Colin uttered, "The thing you are dreading will very nearly come to pass."
Neville said, "Wait, what?" although it was clear that he was still prophesying.
"It will nearly come to pass. The thing they're dreading," repeated Colin slowly.
"Er. Are you sure?" asked Neville prophetically.
"Perhaps we should have a conference?" prophesied Colin.
After conferring in prophetic whispers for several moments, Nevisle and Colin returned with a conclusive prophesy which they spoke together in unison. "We have agreed that: Enemies are not friends. Friends are not tulips. Death is rather unlike sausage. The cheese may never be found after all. Colin was right about the thing about the dog, though, so watch for it. Oh, and one more bit: The lion will step on the rat but will then be bitten by the snake. But everything will be all right though, because Ron Weasley will save the day once Hermione works the Mary-Sue problem out."
At this, the two seers woke from their trances. The other inhabitants of the common-room, who had been politely attentive while the prophesying had been going on, burst into exited whispers, trying to figure out just what the prophecies might mean.
"What did you think?" asked Ron, once he was finished.
"Not bad. Although you certainly used the word 'prophecy' and relatd forms a lot," said Hermione.
"True, but that's what fanfiction writers do. If they find a word they like, they stick to it to the end," said Ron.
"Too true," agreed Hermione.
With that, Hermione got up and offered the seat to Ginny so she could write the ending author's note.
A/N: Right then. So, almost certainly next chapter will include a DADA class. I can also exclusively reveal that it will include appearances from: The number 76, another button, several trout, and possibly a grapefruit if you all behave yourselves well. The chocolate seemed to go over well last time, so we'll give chocolate frogs to anyone who reviews this chatper.
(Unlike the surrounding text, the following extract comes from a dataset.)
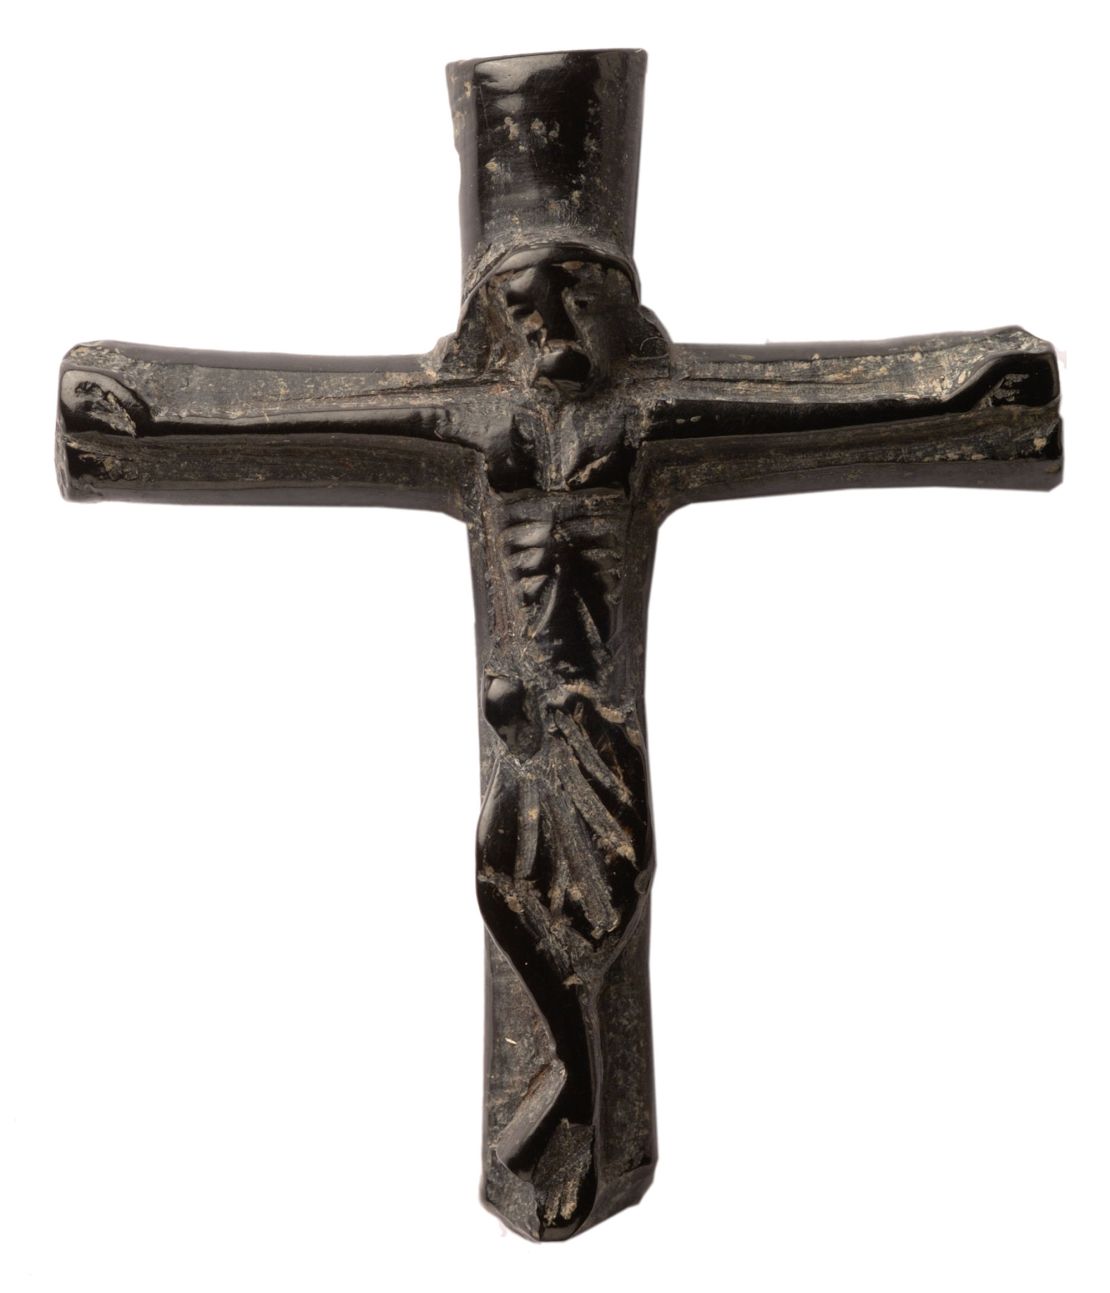 This crucifix, made from Whitby jet, was one of the few items of value found in the graves.

A/N from Gryffindor777: All right, admittedly this chapter is shorter than... certain other chapters. But, once again, I'm about to lose concentration as I also updated my sixth year fic tonight, and keeping the chapter this length is the only way it's going to get uploaded tonight. Oh, by the way, I'm very excited by the fact that the hit counters are now free-services, 'cause I've always wondered how many people are actually reading my stuff, but I never could convince myself to actually pay to find out. So, yay to fanfiction dot net!